Mommie carried fresh flowers
each visit. She would discard last
week’s droopy blossoms, rinse out
and refill the in-ground container
with fresh water, and then lovingly
arrange the new blooms. She always
knelt in the grass beside his grave,
even though she had arthritic knees.
She’d linger awhile, then return
to the car dabbing at her eyes
with a handkerchief. I wondered why
she cried week after week.

Uncle Homer would wait somewhat
impatiently in the car, fiddling with
the radio and glancing at his watch.
I explored the gravesites nearby,
wandering farther afield with time.
Mommie always lingered too long.

On the trip home came the reason
I accompanied them weekly.
A small grocery store-filling station
provided my reward – a RC cola,
into which I added a package of
Tom’s salted peanuts – a treat from
Mommie. It made the wait worthwhile.

When I asked Dad who my Uncle Walter
was, he grew pensive, spoke slowly,
“Walter was my best friend growing up.
He was your mother’s and your Uncle
Homer’s brother, Mommie’s son,
and he was the best man I ever knew.
He was Mommie’s favorite child.
Everyone who knew him liked him.
He would have had a great life.”

I thought of the boxed picture of a young
man in uniform, against the background
of an American flag neatly positioned
around it, proudly displayed on Mommie’s
living room mantel – the only image I ever
carried of my Uncle Walter.

I remember asking, “What happened to him?”
Dad replied, “World War II. World War II
happened to him. He volunteered to go
fight Hitler’s Nazis in order to preserve
America’s freedom. He only made it to
Bloody Omaha Beach on D-day. A mortar
shell fell directly on him, blowing him apart.
War takes the bravest, the best of a nation’s
young men, robbing the world of their future
contributions. Walter was one of those men.”
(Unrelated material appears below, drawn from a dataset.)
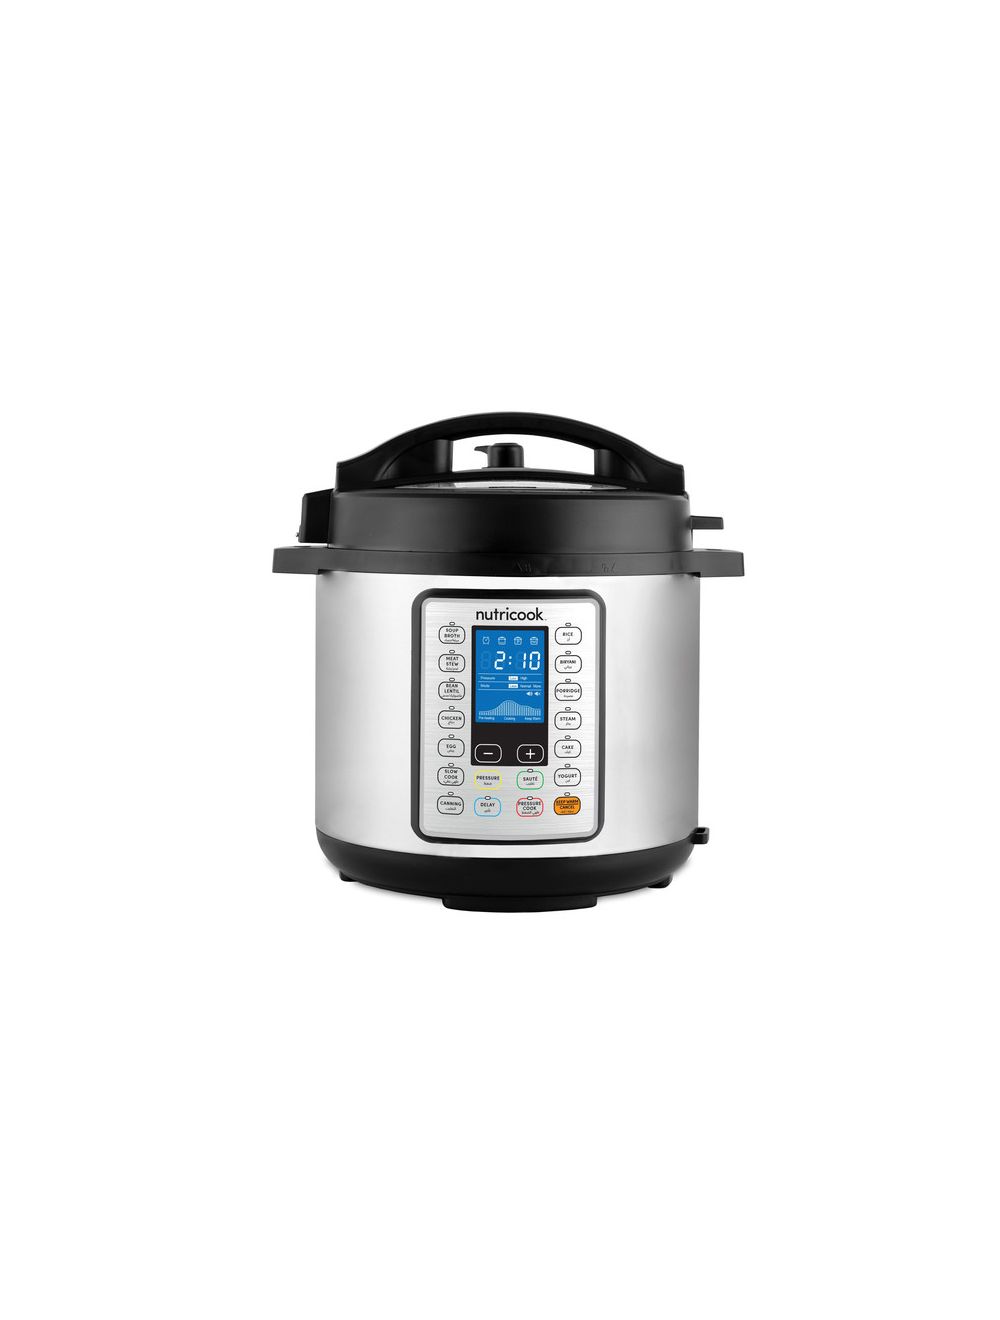 Nutricook Smart Pot Prime 10-in-1 Multi-use Pressure Cooker, 8 L, 1200 Watts, Silver/Black-NC-SPPR8

I recall thinking it strange that Uncle Walter
died at the beach. Then it occurred to me to ask,
“If he was blown up, what’s buried in his grave?”
Dad’s reply: “Nothing much but a lifetime of
memories and the love of those who knew him.”
I thought it odd that every Saturday we rode
to the cemetery for Mommie to cry, kneeling
beside an empty grave. Today I understand.